The oil contained in the fluid at the second stage 116 collects in a bucket 124 placed in the second stage 116 of the separator 110. A level sensor 126 associated with the bucket 124 is coupled to the control unit 201, which determines the level of the oil in the bucket 124. The control unit 201 controls a valve 128 to discharge the oil from the separator 110 into an oil surge tank 160. Alternatively, the level sensor 126 may provide a signal to a level controller 126a, which modulates the control valve 128 to control the oil flow from the bucket 124 into the oil surge tank 160. The oil level sensor signals also may be used to activate alarms 210 when the oil level is above a maximum level or below a minimum level.
In the second stage 116, fluid that is substantially free of oil (referred to herein as the "water" for convenience) flows under the oil bucket 124 and then over a weir 134 and collects into a water chamber or reservoir 136. A level sensor 138 is placed in the water reservoir 136 and is coupled to the control unit 201, which continually determines the water level in the reservoir 136. The control unit 201 is programmed to control a valve 140 to discharge the water from the separator 110 into a water tank 145 via a line 142. Alternatively, the level sensor 138 may provide a signal to a level controller 138a which modulates the control valve 140 to discharge the water from the separator 110 into the water tank 145. Additionally, the liquid level in the main body of the separator is monitored by a level switch 142' which provides a signal when the liquid level in the main body of the separator 110 is above a maximum level, which signal initiates the emergency shut down.

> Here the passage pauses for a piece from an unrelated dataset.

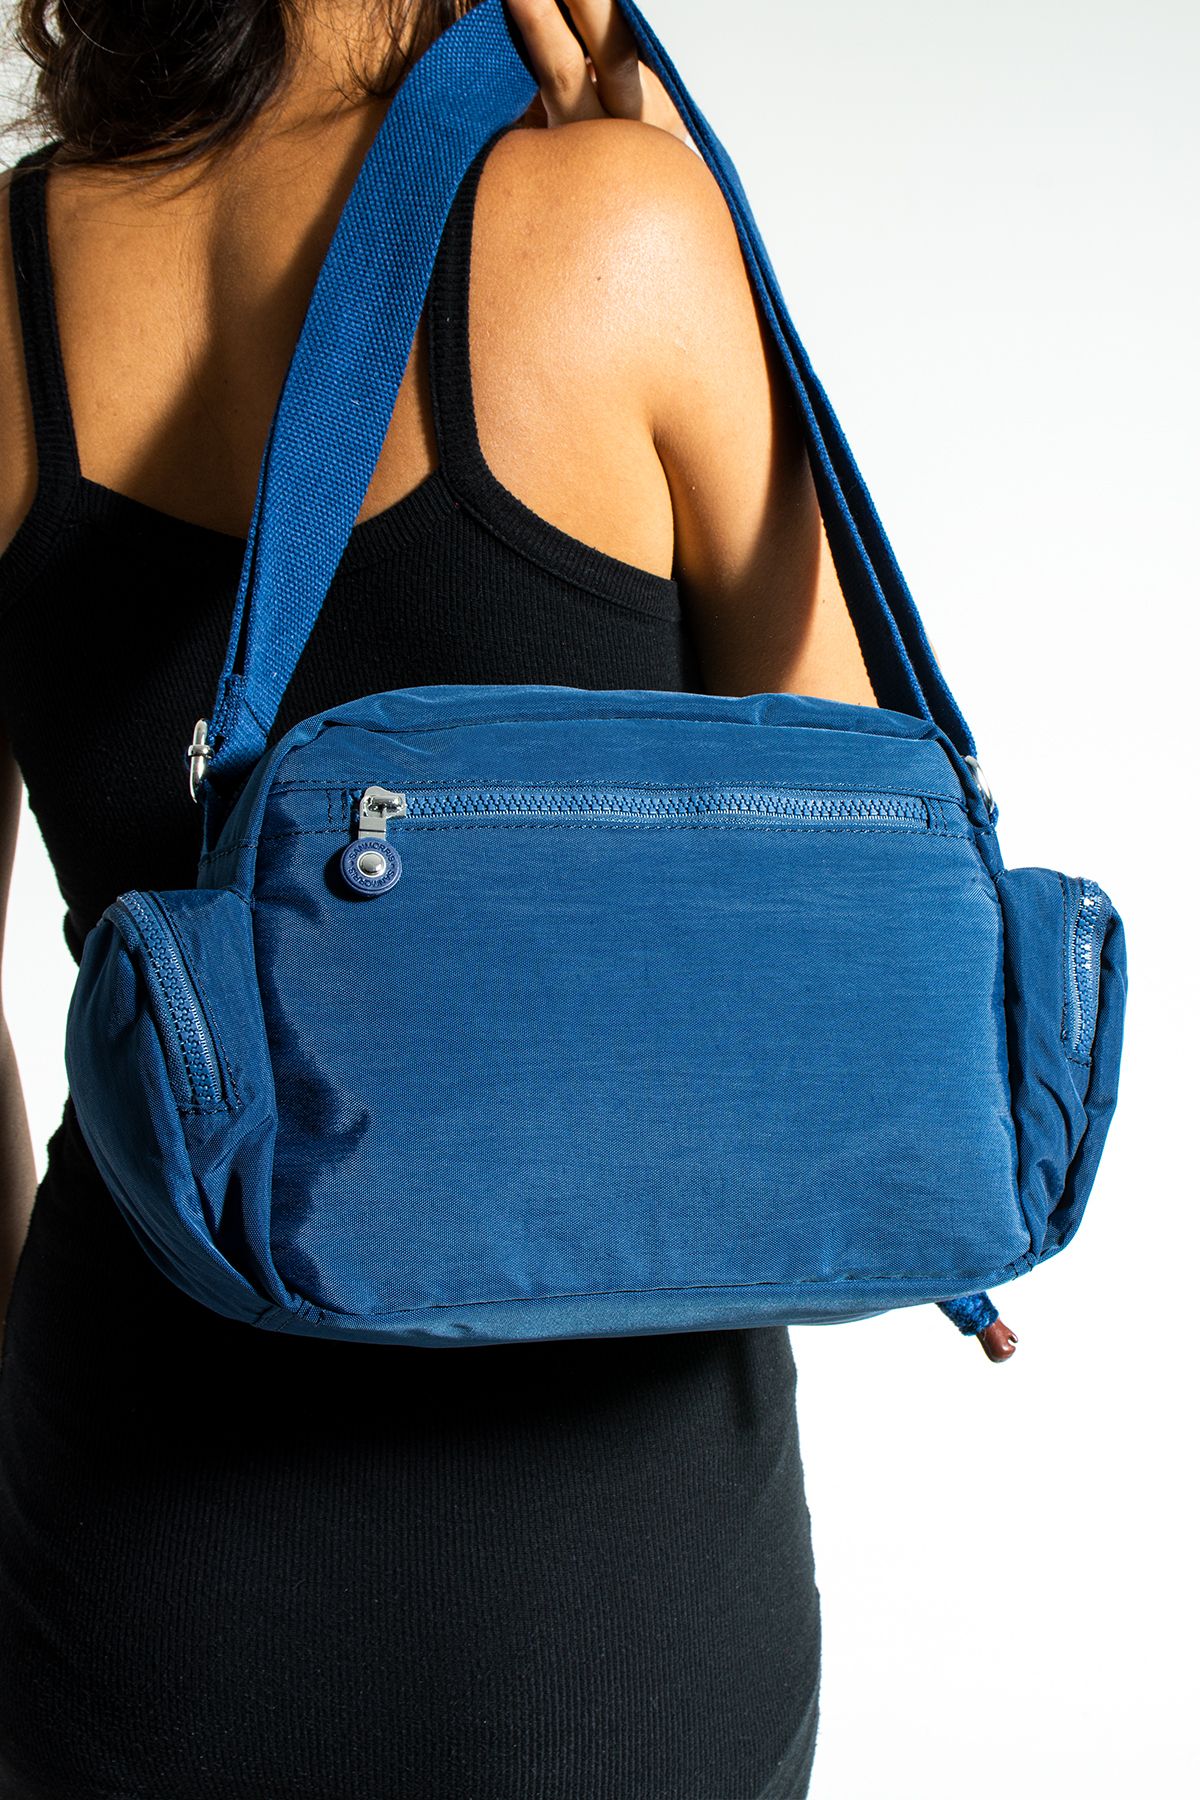 YOGII Shoulder Bag - Dark blue - Plain

This emergency shut down prevents any liquid passing into the gas vent 122a or into any flare system used.
Any gas present in the water discharged into the water tank separates within the water tank 145. Such gas is discharged via a control valve 147 to flare. A pressure sensor 148 associated with the water tank 145 is utilized to control the control valve 147 to maintain a desired pressure in the water tank 145. The control valve 147 may be modulated by a pressure controller 148a in response to signals from the pressure sensor 148. Alternatively, the control valve 147 may be controlled by the control unit 201 in response to the signals from the pressure sensor 148. Alarms are activated when the pressure in the water tank 145 is above or below predetermined limits. Water level in the water tank 145 is monitored by a level sensor 150. A level controller 150a modulates a control valve 152 in response to the level sensor signals to maintain a desired liquid level in the water tank 145. Alternatively, control unit 201 may be utilized to control the valve 152 in response to the level sensor signals. The fluid level in the water tank 145 also is monitored by a level switch 151, which initiates an emergency shutdown of the system if the level inadvertently reaches a predetermined maximum level. A pump 155 passes the fluids from the water tank 145 to the control valve 152. The fluid leaving the valve 152 discharges via a line 153 into a drilling fluid tank 154.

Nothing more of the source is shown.